REQUIRED WORK: One number is the whole answer: how many lines of the records include "Wallpaper".

MATERIAL SHOWN:

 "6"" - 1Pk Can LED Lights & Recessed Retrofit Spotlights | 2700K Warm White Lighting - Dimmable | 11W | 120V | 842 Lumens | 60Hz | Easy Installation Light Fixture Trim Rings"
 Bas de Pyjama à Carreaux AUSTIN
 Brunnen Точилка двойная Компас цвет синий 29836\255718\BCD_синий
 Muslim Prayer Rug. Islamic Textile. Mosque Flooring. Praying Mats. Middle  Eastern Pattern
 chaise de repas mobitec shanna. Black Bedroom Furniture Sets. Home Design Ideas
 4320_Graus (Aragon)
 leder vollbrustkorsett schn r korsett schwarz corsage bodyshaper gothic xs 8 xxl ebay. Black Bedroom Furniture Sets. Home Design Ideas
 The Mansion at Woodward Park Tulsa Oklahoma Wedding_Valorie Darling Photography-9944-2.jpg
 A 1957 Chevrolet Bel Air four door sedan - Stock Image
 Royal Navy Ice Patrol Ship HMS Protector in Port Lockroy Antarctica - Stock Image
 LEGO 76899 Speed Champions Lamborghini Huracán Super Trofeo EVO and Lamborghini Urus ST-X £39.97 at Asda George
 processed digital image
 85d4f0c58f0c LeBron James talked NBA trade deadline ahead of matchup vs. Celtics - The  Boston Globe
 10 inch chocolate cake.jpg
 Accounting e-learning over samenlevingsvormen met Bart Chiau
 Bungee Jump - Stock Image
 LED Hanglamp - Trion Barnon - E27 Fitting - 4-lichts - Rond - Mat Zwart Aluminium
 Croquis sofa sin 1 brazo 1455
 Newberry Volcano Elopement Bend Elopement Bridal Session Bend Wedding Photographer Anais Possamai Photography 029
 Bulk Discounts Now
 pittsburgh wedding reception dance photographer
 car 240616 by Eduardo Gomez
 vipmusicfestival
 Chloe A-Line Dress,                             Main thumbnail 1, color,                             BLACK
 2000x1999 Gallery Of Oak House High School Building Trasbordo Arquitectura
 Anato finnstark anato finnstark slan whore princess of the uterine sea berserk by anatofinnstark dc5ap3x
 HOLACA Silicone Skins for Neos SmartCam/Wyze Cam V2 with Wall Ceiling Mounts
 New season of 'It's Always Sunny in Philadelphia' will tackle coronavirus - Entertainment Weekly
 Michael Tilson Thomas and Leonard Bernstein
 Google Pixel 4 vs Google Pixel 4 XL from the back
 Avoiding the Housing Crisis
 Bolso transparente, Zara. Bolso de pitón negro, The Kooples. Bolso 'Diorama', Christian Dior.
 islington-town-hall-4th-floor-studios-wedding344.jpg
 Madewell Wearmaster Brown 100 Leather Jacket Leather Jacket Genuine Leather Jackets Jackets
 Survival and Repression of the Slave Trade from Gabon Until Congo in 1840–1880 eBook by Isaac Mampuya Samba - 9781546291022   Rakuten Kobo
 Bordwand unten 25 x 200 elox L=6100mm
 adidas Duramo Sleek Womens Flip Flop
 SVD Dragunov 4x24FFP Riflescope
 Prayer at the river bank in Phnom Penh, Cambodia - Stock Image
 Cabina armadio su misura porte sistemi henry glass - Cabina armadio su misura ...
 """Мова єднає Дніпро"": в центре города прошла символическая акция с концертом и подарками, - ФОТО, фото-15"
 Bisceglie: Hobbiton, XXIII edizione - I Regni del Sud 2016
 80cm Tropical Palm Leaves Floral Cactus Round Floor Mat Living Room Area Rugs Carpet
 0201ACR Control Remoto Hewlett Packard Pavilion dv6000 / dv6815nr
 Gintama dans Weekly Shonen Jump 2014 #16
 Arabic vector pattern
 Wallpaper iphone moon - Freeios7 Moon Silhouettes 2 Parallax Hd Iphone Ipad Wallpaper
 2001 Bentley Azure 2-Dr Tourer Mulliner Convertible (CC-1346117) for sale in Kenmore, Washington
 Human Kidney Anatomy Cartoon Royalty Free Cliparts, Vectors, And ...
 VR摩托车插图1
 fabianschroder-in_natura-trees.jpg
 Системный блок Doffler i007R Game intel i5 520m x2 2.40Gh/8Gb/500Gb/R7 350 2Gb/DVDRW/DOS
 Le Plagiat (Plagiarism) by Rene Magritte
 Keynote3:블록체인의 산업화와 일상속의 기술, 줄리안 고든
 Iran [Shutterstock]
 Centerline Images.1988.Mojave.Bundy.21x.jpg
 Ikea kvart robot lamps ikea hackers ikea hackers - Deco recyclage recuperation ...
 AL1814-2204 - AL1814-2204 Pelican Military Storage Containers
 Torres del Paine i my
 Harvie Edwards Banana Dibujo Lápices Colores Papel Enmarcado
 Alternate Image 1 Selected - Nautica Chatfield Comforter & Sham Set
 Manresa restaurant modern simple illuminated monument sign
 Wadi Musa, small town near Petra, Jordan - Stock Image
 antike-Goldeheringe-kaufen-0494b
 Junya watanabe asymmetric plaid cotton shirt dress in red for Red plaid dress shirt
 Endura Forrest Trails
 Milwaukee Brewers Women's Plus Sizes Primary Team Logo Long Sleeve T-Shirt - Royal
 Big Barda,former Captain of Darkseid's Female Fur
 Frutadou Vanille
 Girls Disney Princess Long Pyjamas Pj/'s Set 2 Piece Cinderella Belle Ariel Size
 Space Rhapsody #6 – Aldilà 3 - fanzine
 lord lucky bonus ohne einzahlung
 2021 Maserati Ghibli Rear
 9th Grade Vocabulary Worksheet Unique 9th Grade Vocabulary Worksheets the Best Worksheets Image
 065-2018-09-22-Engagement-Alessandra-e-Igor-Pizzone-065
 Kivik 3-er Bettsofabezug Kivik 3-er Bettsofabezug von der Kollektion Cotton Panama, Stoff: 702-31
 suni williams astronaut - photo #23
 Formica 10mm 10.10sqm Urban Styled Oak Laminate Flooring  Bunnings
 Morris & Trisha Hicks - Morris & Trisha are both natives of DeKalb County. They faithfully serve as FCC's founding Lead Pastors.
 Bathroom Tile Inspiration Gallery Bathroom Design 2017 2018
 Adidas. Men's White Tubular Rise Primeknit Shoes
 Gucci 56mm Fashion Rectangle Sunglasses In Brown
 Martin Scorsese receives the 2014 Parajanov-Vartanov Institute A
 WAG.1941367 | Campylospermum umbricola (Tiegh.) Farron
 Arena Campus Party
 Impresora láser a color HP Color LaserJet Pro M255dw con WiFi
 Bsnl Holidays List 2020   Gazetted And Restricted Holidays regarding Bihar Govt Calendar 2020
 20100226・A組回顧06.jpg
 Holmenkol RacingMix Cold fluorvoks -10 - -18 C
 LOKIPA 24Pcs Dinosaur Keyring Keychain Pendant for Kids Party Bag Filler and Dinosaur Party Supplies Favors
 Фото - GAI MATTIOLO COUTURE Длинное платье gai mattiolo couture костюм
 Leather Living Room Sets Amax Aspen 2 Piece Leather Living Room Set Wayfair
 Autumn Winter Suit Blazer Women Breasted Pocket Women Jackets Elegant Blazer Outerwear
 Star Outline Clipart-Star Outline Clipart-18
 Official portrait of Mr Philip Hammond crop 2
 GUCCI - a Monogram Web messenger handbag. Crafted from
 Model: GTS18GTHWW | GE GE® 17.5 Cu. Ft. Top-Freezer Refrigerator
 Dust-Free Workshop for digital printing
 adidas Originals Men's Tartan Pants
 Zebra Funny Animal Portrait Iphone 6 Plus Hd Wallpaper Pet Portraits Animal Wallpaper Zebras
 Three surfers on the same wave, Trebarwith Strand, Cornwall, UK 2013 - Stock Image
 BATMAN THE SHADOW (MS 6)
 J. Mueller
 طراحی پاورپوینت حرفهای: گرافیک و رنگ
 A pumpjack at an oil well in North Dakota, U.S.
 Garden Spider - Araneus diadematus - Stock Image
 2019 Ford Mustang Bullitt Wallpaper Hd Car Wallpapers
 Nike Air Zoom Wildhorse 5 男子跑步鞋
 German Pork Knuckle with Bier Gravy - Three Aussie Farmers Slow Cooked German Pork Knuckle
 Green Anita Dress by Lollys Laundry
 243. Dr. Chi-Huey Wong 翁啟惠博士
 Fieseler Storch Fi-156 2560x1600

EXPECTED ANSWER: 3